These agreements were significant not only for their substance but because they framed the struggle in terms of social justice and participatory democracy — anticipating modern discourses on corporate social responsibility and environmental justice.

The movement revealed a growing political consciousness within the labour force: industrial development was no longer acceptable at any cost. Workers demanded a voice in shaping the city's future and managing industrial risk.

Privatization and the collapse of a social model

The 1990s brought a major shift with the privatization of ILVA, sold to the Riva Group, a private family-owned firm with no public accountability. Privatization was part of a broader neoliberal agenda that redefined the role of the state, dismantling public industry across Europe.

The Riva Group cut thousands of jobs, replaced permanent contracts with precarious ones, and repressed union activity. One emblematic episode was the “Palazzina Laf” case, where workers who refused unjust demotions were confined in a segregated building without assignments — a practice later condemned by courts as “collective mobbing”.

Taranto became a laboratory of deregulated capitalism where the logic of profit replaced the previous social contract. The sense of community between workers, institutions, and the industry broke down. With weakened unions and politically compromised institutions, citizens found it increasingly difficult to demand accountability.

Environmental injustice and the fight for health

In the 2000s, the environmental costs of ILVA’s operations could no longer be ignored. Data from the Regional Agency for Environmental Protection (ARPA) and the Italian National Institute for Environmental Protection and Research (ISPRA) showed that Taranto had the highest concentration of dioxins in Western Europe.
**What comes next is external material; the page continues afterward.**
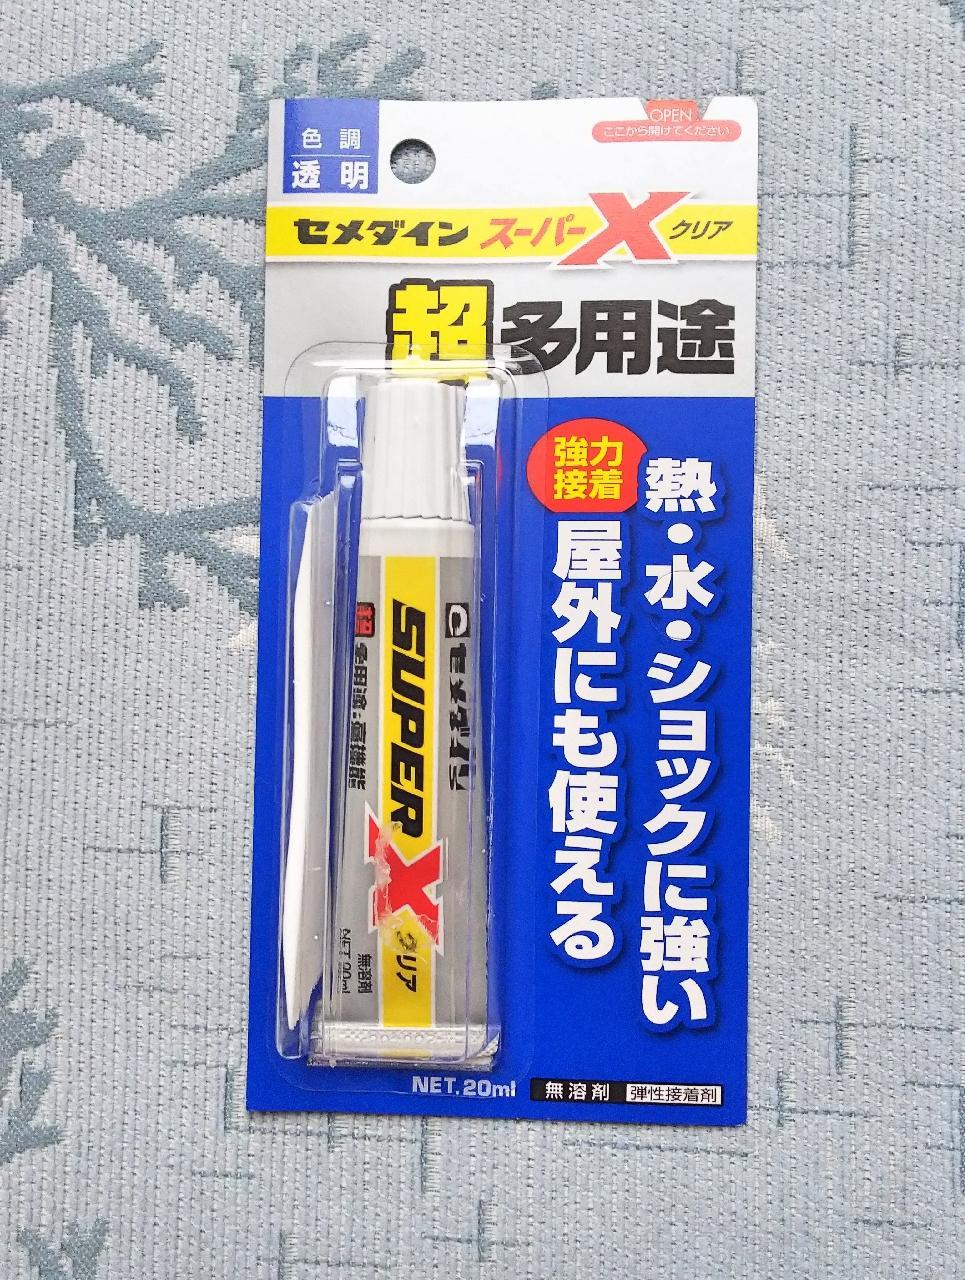 X セメダイン スーパー

A 2012 judicial investigation led to the seizure of the “high heat area” (where the actual steel production takes place) for environmental crimes, citing “permanent and serious environmental and health damage”. This event marked a turning point as it triggered a social, political and constitutional crisis which persists today. In the following years, the Italian government then intervened with special decrees (the so-called “Salva-Ilva”) that suspended legal action (thus starting a conflict against the judiciary) and maintained industrial operations, showing indifference to citizens' health and workers' safety — given the factory’s dilapidated and hazardous conditions — while prioritizing only its own economic interests.

In 2019, the European Court of Human Rights  condemned Italy in the case Cordella and Others v. Italy for violating the rights of residents living near the ILVA steel plant in Taranto. The Court found a breach of Article 8 of the European Convention on Human Rights, which protects the right to respect for private and family life, due to the state’s failure to prevent environmental pollution that endangered public health. It also found a violation of Article 13, which guarantees the right to an effective remedy, as citizens lacked adequate legal means to challenge the ongoing environmental harm.

The judgment highlighted how Italian authorities prioritized industrial production over the health and safety of the population, failing to take necessary measures despite clear evidence of risk. As a result, environmental injustice in Taranto was formally recognized as a human rights issue and as a failure of the state to protect citizens from preventable harm.

Fractured identities and political disillusionment

Beyond material damage, ILVA profoundly altered Taranto’s social fabric. Once a symbol of national pride, the plant became associated with sacrifice, and betrayal. Generations grew up in its shadow, often forced to choose between jobs and health, or between speaking out and keeping silent.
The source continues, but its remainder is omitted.